Decorative fertilizing schedule title card

Adube quando as plantas estão realmente crescendo, não pelo calendário. Os gramados de estação fria recebem adubo no início da primavera, depois de duas ou três cortadas, e de novo do fim do verão ao começo do outono; os gramados de estação quente esperam até estarem completamente verdes, são adubados ao longo do verão e param antes da dormência. Canteiros de hortaliças, canteiros elevados e vasos seguem cada um o seu próprio relógio, ligado à rapidez com que as raízes pegam.

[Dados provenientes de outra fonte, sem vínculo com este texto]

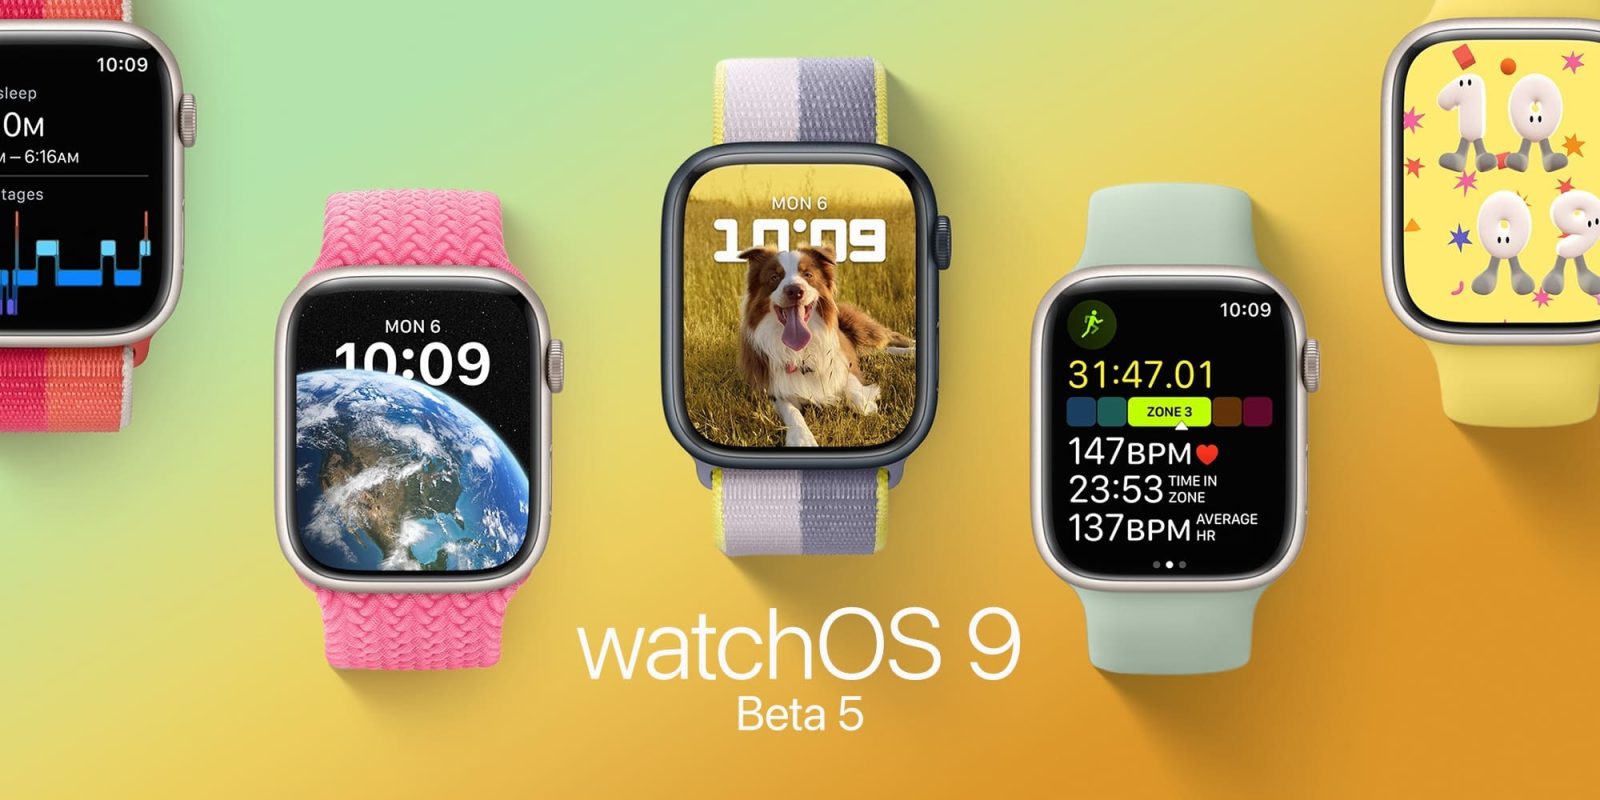 watchOS 9 beta 5

Antes de espalhar qualquer coisa, faça uma análise de solo, confira a temperatura do solo ou a retomada do verde e planeje com o quadro dos 4R: a fonte certa, a dose certa, a hora certa e a colocação certa.


Resumindo:

  • A maioria dos gramados só precisa de adubação nos períodos de crescimento ativo: as gramíneas de estação fria depois de duas ou três cortadas na primavera e de novo no fim do verão, enquanto as de estação quente são adubadas depois da retomada total do verde e param antes da dormência.

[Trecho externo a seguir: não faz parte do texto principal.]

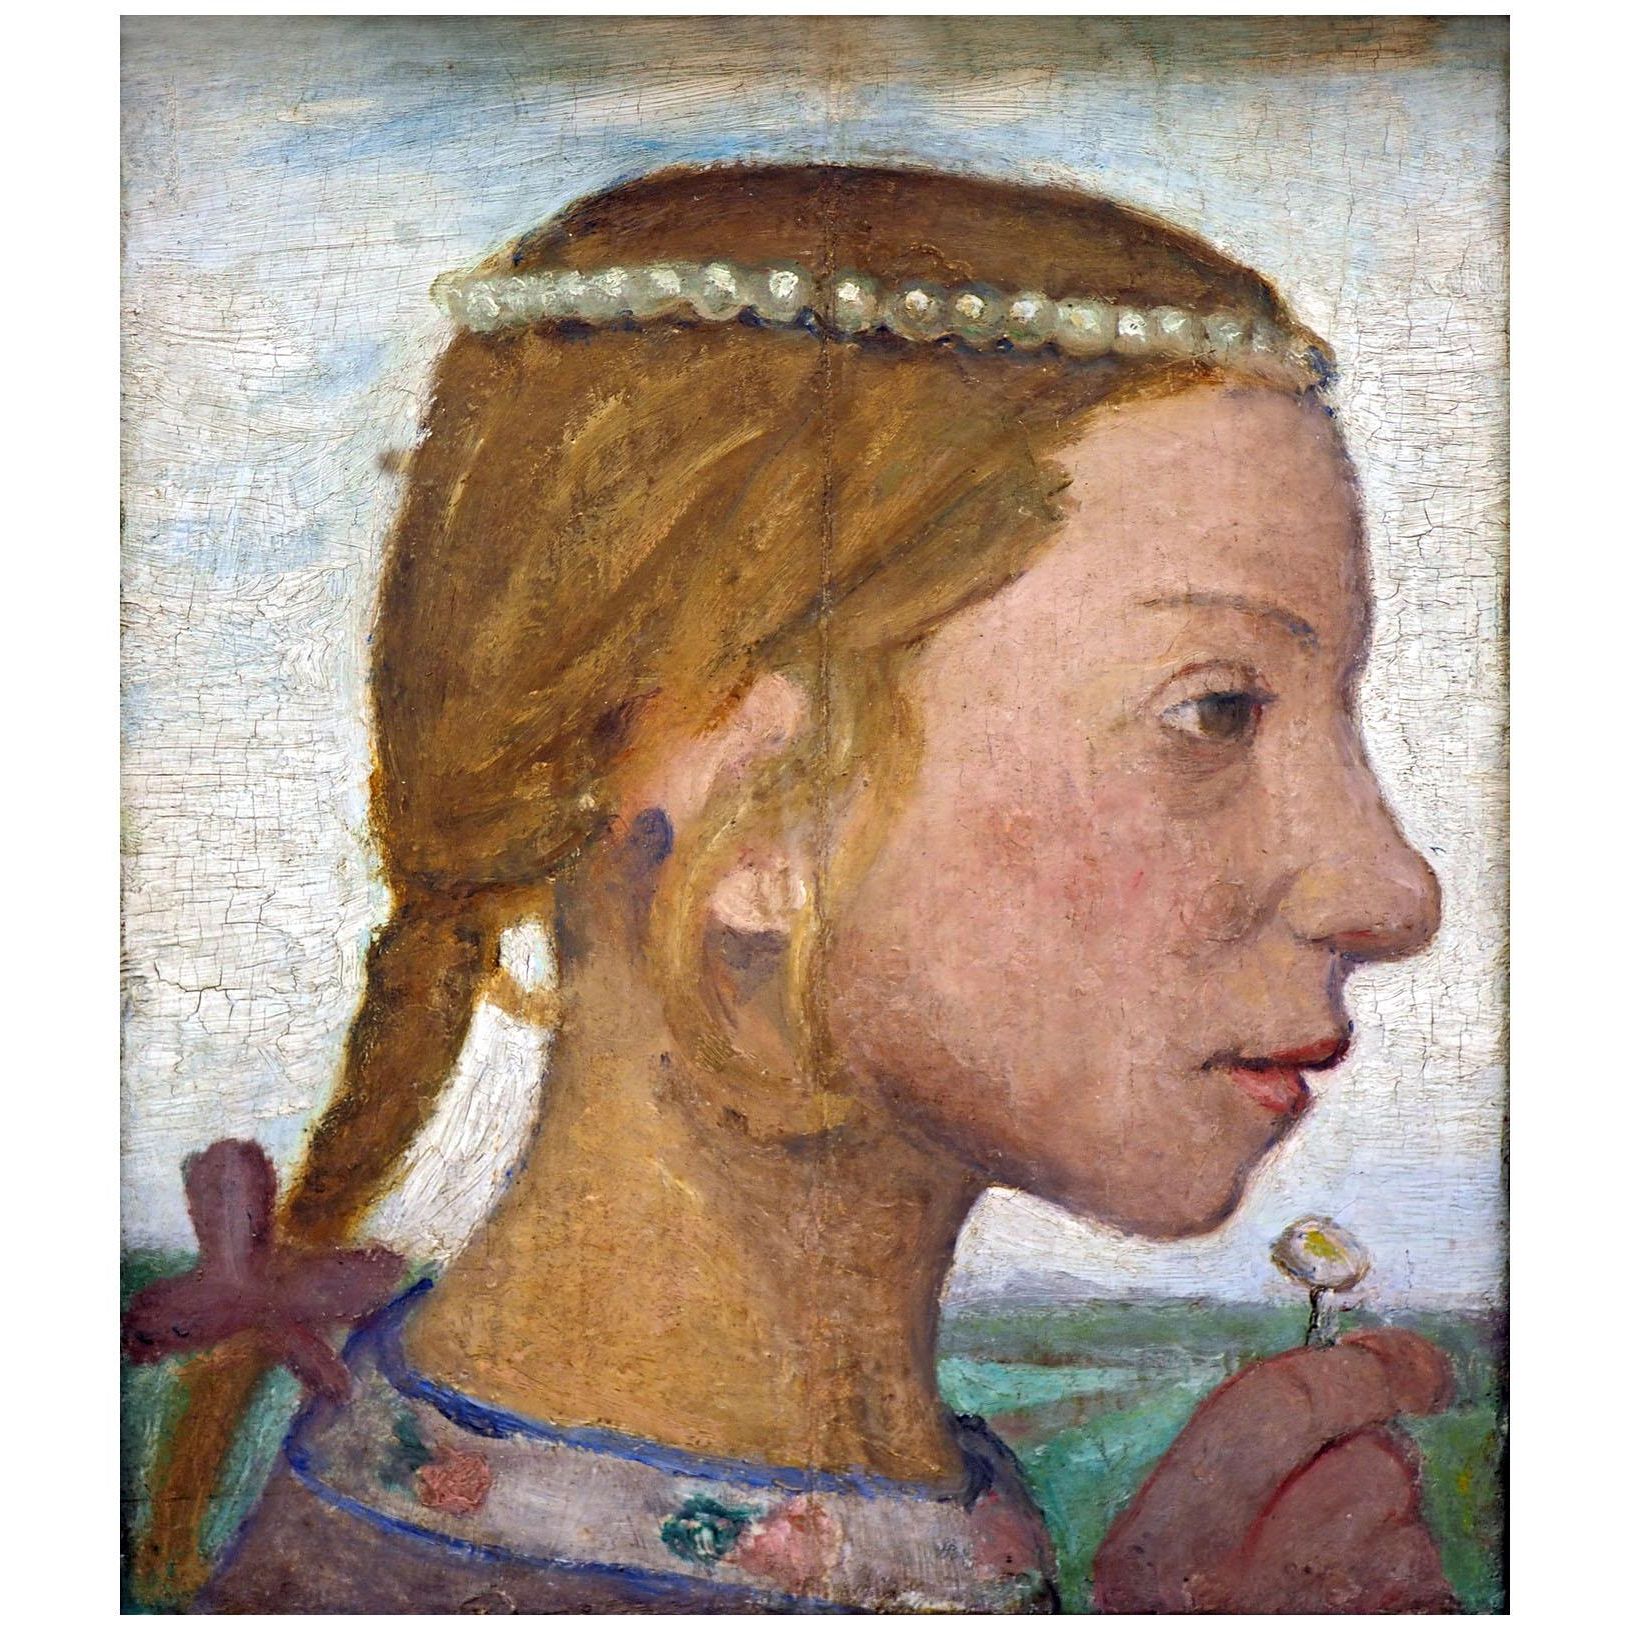 Paula Modersohn-Becker. Junges Mädchen. 1901. Hamburger Kunsthalle

  • Canteiros de hortaliças e vasos pedem adubações mais frequentes e mais fracas: a cada duas semanas nos canteiros elevados e a cada 3 ou 4 semanas nos canteiros no solo, principalmente nas plantas exigentes como o tomate e a abóbora.
  • Plantas em vaso e de interior devem ser adubadas num ritmo apertado, com adubo líquido diluído a cada 10 a 14 dias nas épocas de crescimento, mas sem adubar no inverno, quando o crescimento desacelera.

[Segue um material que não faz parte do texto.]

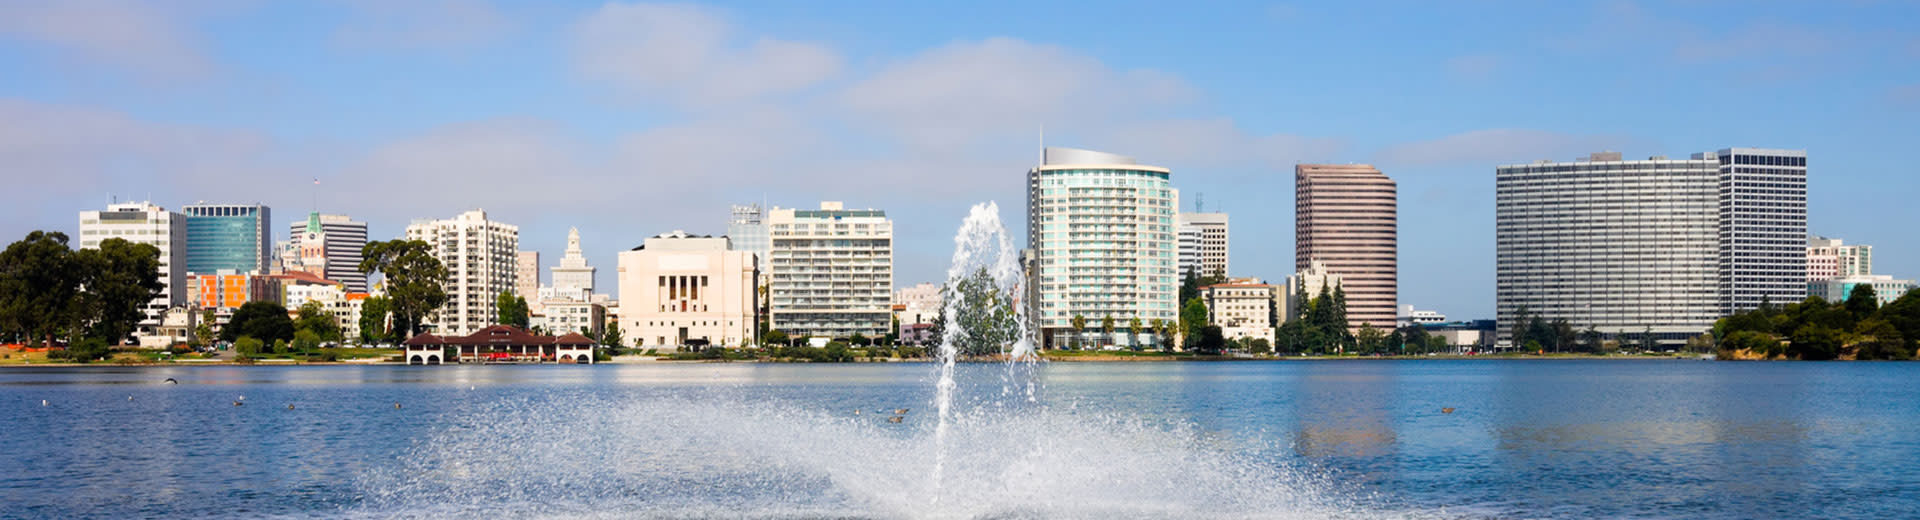 Les gratte-ciel d'Oakland s'assoient derrière un plan d'eau, avec une fontaine dans le contrefaçon.

  • A adubação deve se basear na temperatura do solo ou na retomada visível do verde, e não em datas fixas do calendário, para evitar desperdício e estresse nas plantas.
  • Uma análise de solo e os sinais biológicos são indispensáveis antes de adubar, porque adubar demais ou na hora errada prejudica as plantas e polui os cursos d’água.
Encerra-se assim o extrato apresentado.